Она заметила, что Западный зал находился прямо внутри горы. Им заведовало несколько сотрудниц, каждая из которых имела строго определенные обязанности. Они командовали людьми статусом ниже себя, и в каждой сквозили неприкрытое самодовольство и заносчивость. Они знали множество секретов и страшно гордились своими заслугами. Женщины эти были миловидны, у каждой была своя изюминка, что и стало причиной их гордыни. Эти особенности человеческой натуры, в обычных условиях естественные и в общем-то безобидные, в замке Айюэбао проявлялись в гипертрофированной форме и могли вылиться в жестокое соперничество или какое-нибудь другое явление, от которого прочная, как скала, крепость грозила рассыпаться на части. Это было большой проблемой: Куколка, даже не подключая зрение и слух, одним лишь обонянием улавливала атмосферу соперничества и бахвальства, которые затрудняли свободную циркуляцию воздуха и замедляли эффективное функционирование гигантской машины. Куколка обнаружила, что Застежка, которая была начальницей смены, не обладала соответствующим ее статусу авторитетом, так как ее подчиненными легко распоряжалась стенографистка. Эти заносчивые и ленивые женщины не сильно заботились о внутренних делах замка, за исключением тех случаев, когда поручение давал сам председатель совета директоров.

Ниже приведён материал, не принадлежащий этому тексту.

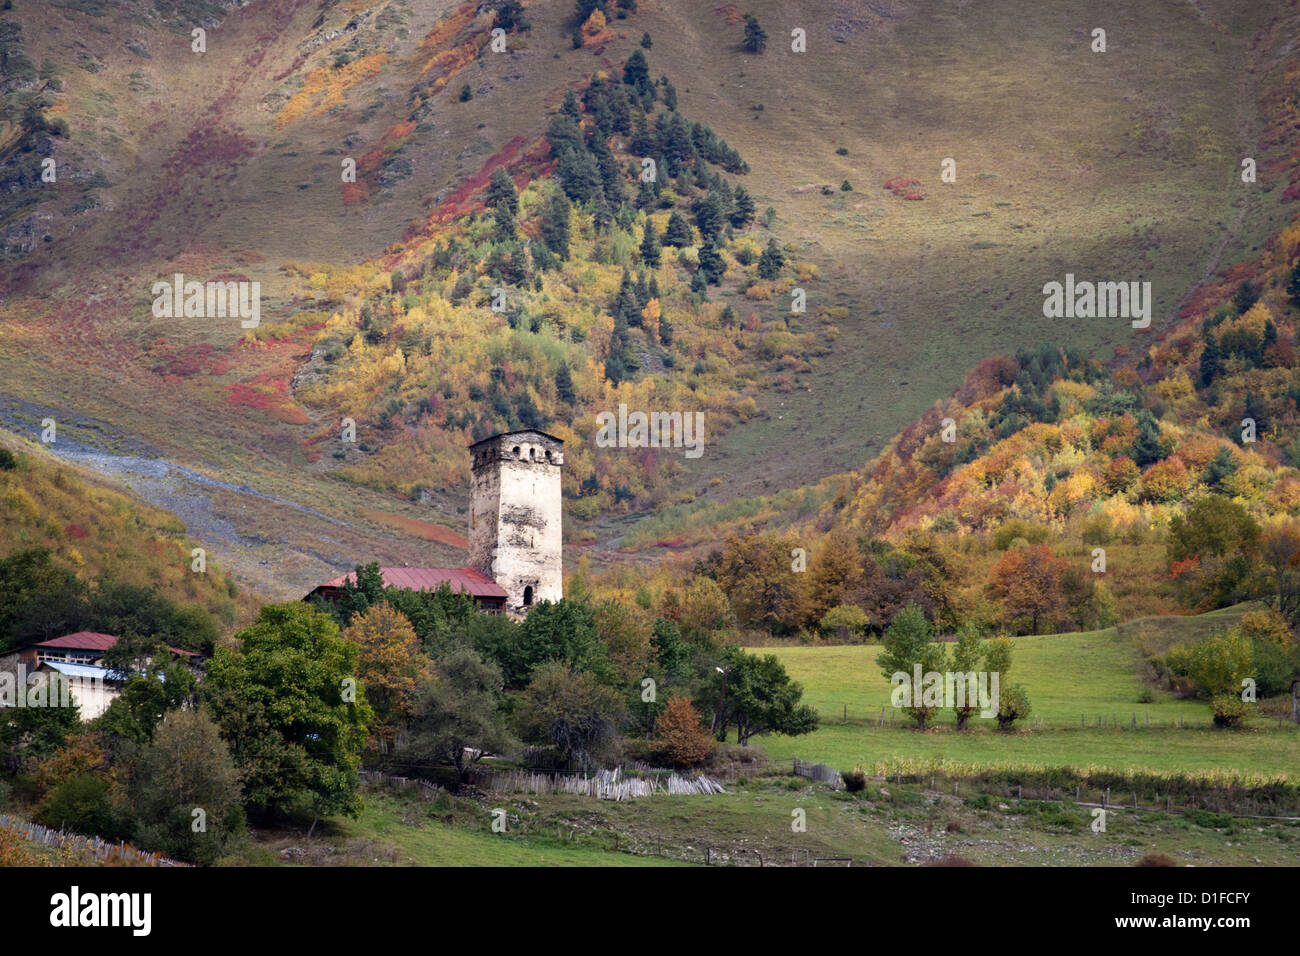 Typical Svaneti watchtower on the southern slopes of the Greater Caucasus, Georgia Stock Photo

Из-за своей любви она очень тосковала. Каждый день она думала о том, как ей поступить. Она не признавала расхожее мнение, что в любом месте, где собирается такое количество женщин, происходит то же самое. Нежные чувства между мужчиной и женщиной это хорошо, но для него необходимы подходящие время и место. Она всё больше убеждалась, что председатель совета директоров нанял ее улаживать абсолютно безнадежный бардак. И тут не помогут ни волшебная сила денег, ни железная дисциплина. Денег в замке хватает, вот только люди не хотят подчиняться никому, кроме одного человека. Новоприбывшая Куколка, совершенно не понимавшая, что творится в замке, одиноко стояла у всех на виду, чувствуя, как ее оценивают и высмеивают.
Она немного разозлилась на себя, корила себя за беспомощность и за доверие к единственному человеку. В эти мучительные дни она старалась не выказывать своего замешательства и безропотно принимала всё происходящее. Она не могла или не умела пользоваться всеми полномочиями, которыми ее наделили, и бесстрастно наблюдала за этой громадной и разнородной крепостью, издающей запах гнили. Чтобы изгнать тоску и тревогу, она приказала ответственным за уборку помещений усилить мощность вентиляции, а также провести тщательную генеральную уборку. В ответ на ее приказ персонал издал возглас удивления, а затем удалился будто бы для его исполнения, но, как потом выяснилось, никто даже пальцем не пошевелил. Она учинила строгий допрос, и женщины без обиняков сообщили: начальница смены Застежка сказала им, что в этом нет надобности. Может, в этом был свой резон, но ее потрясло и возмутило, что кто-то смеет выказывать столь дерзкое неповиновение. Она не подала виду, что рассержена, поскольку считала, что любое дело должно делаться постепенно, без резких, необдуманных шагов.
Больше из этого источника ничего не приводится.